Их персонажи любят, страдают, совершают, зачастую, поступки, не вяжущиеся с обычной житейской логикой. Таков Тель-Авив и его жители, увиденные писателем.
Они – живут рядом с нами, возможно – в каждом из нас. Нужно только вглядеться, как это сделал писатель.
Написанные на необычайно емком, образном иврите, рассказы Бартана на первый взгляд сложны для воссоздания на русском языке. Но переводчику удалось передать колорит ивритской прозы, сохранив непредсказуемо-яркие внутренние сюжеты, таящиеся под внешне бытовой канвой событий.

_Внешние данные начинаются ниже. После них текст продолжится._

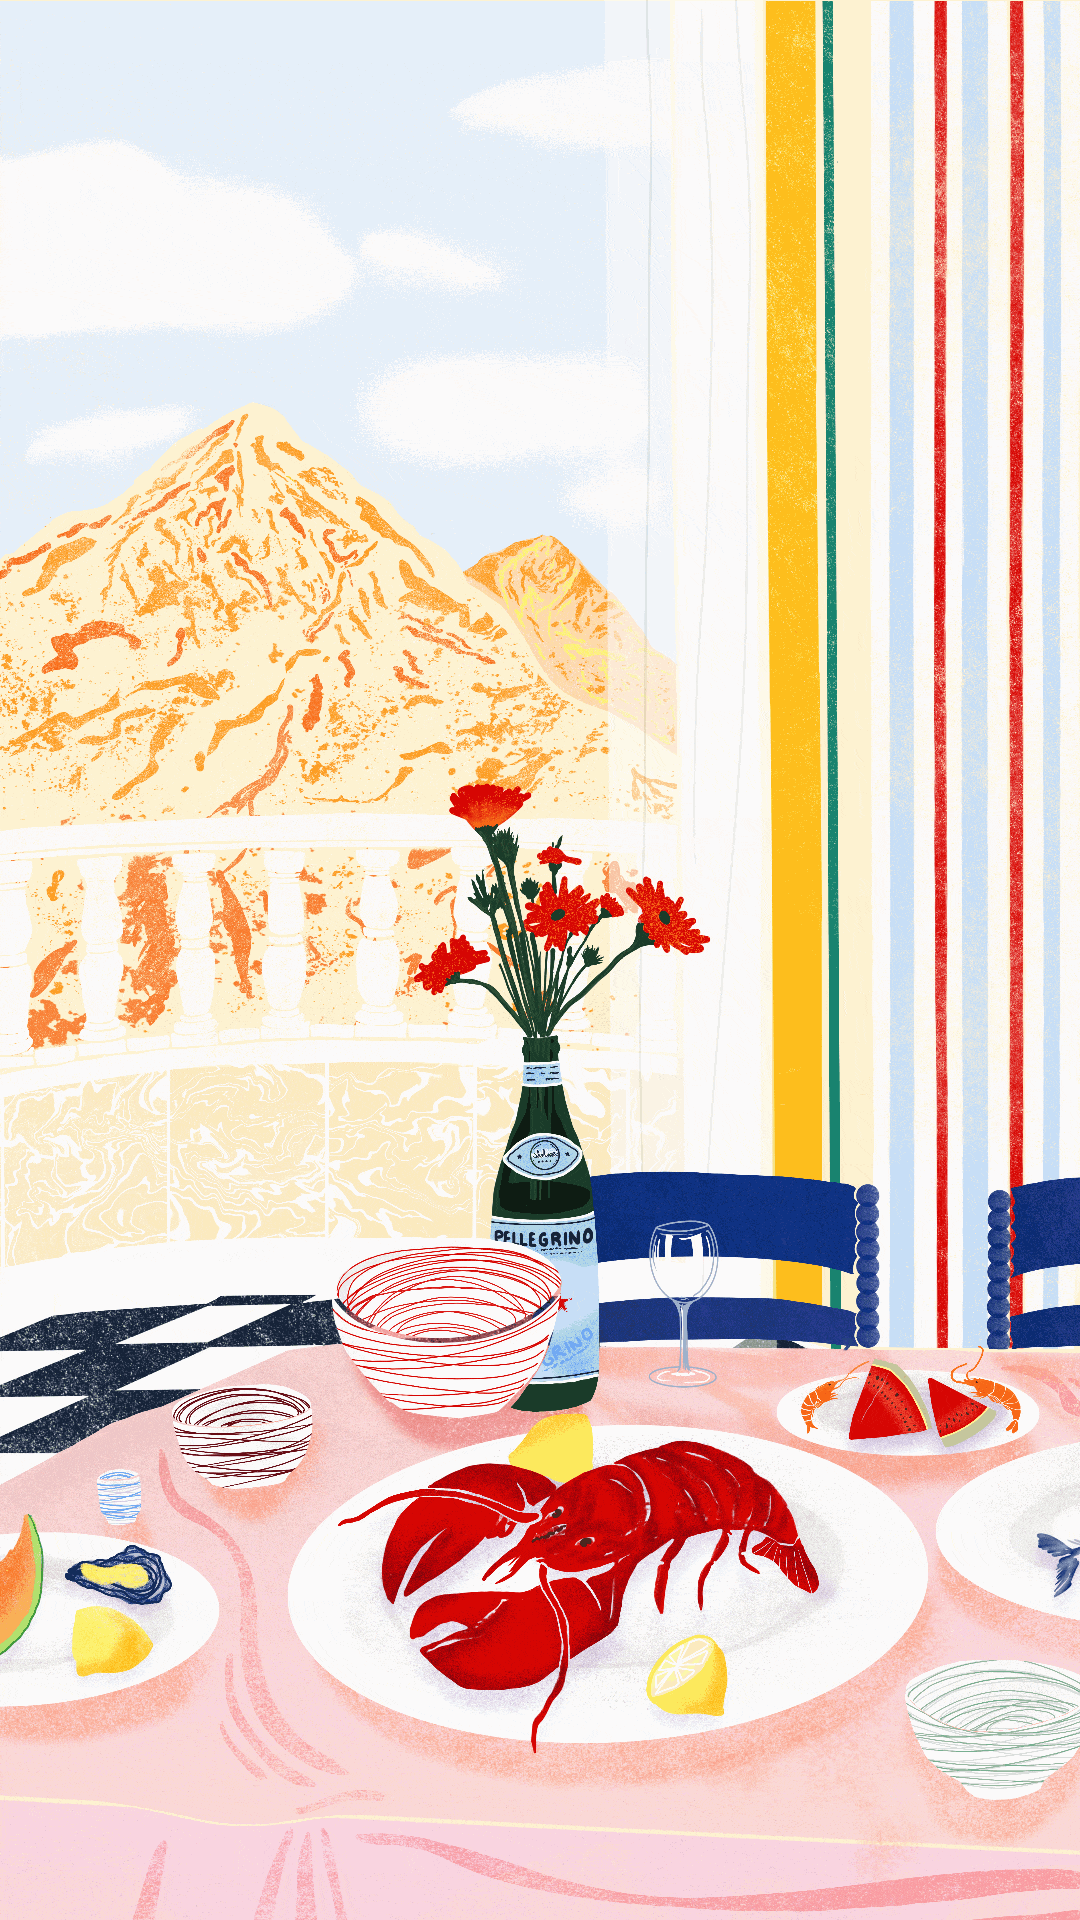 Still life of a lobster lunch in the Italian mountains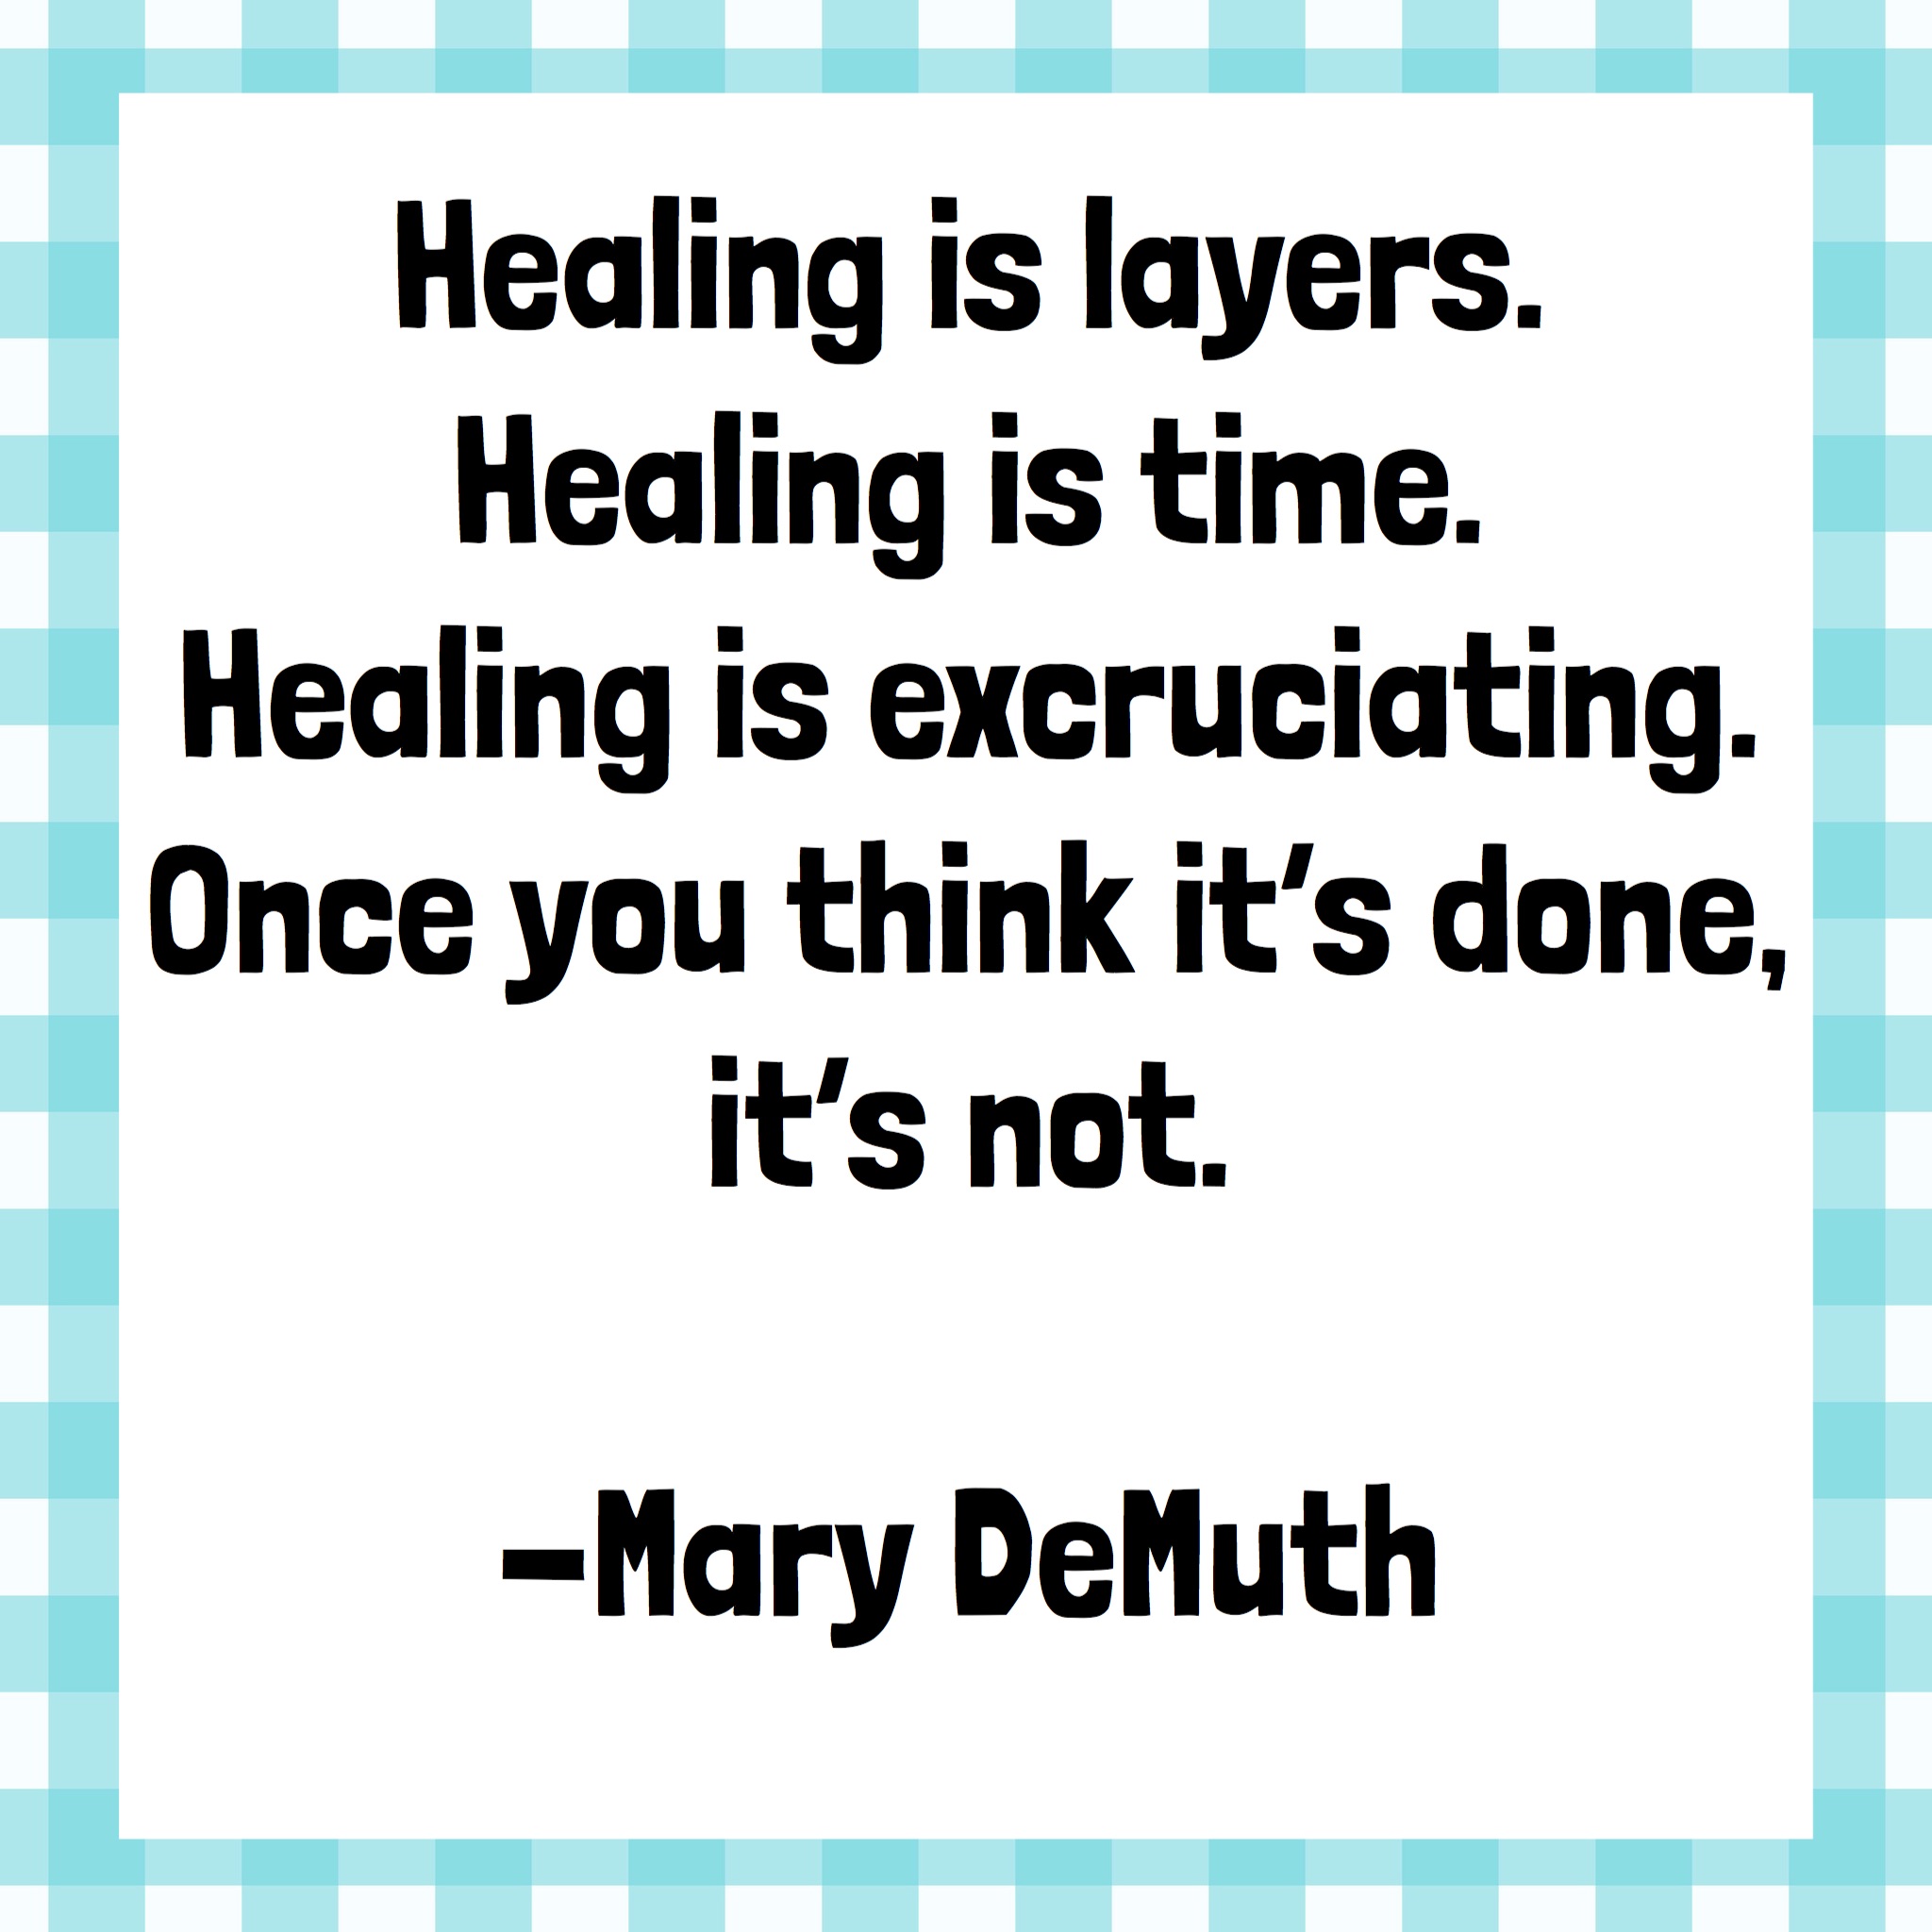 Healing is Excruciating

Купить зимнее время в Цфате (сборник) - читать онлайн бесплатно ознакомительный отрывок
Интервал:
Закладка:
Несмотря на то, что у входа в здание, прямо над воротами, стояли подобно стене, два толстых фикуса, покрывающие тенью первый, на столбах, этаж, огни проносящихся мимо машин пробивались сквозь и поверх них, попадая в комнату. Так же, как шорох усиливающегося дождя не забивался шорохом проносящихся по улице шин. И, быть может, я находился в некой точке, где пересекались шум дождя и вспышки проносящихся фар. Ранее, по короткой дороге сюда, перед тем, чтобы войти, я видел, что прохожие мелькают и исчезают, и лишь машины проскальзывают то тут, то там, разбрызгивая веером жидкую грязь. Но теперь я не слышал шороха подошв прохожих, улица была пустынна, как в поздний час ночи, и полна тьмы, разрываемой шумами и всплесками, как в поздние часы, хотя не было поздно. Осталась лишь тьма, самозаполняющаяся дождем и пустотой. Так я обитал в этом доме, фасадом на небольшую и тихую улицу Аль-харизи, а не на шумную улицу Шломо Амелех, и потому находился на этой небольшой улице Аль-харизи, как человек, к которому обращено его же лицо. Именно это изменило ночь в моей красной комнате. Ибо на Шломо Амелех сосредоточилось все движение и суета, а на Аль-харизи были лишь тишина и дождь, разрываемые всплесками. На Аль-харизи были тишина, и дождь, и вход в здание. Ржавый замок на двери, ведущей в лестничный пролет, С ржавым скрипом проворачиваемый изнутри ключ. Темный коридор в квартиру с тремя запертыми дверьми, и только дверь распахнутая – в салон с двумя желтыми креслами с коричневыми пятнами от электронагревателя, со старым странным столом. И диван. И кухня, тоже открытая. Большего мне и не надо было. Все, в чем я нуждался, было там. И если кто-то испугался, если кто-то сбежал в конце вечера оттуда, это не была Пнина, которую я привел сюда в этот вечер, а это был я собственной персоной.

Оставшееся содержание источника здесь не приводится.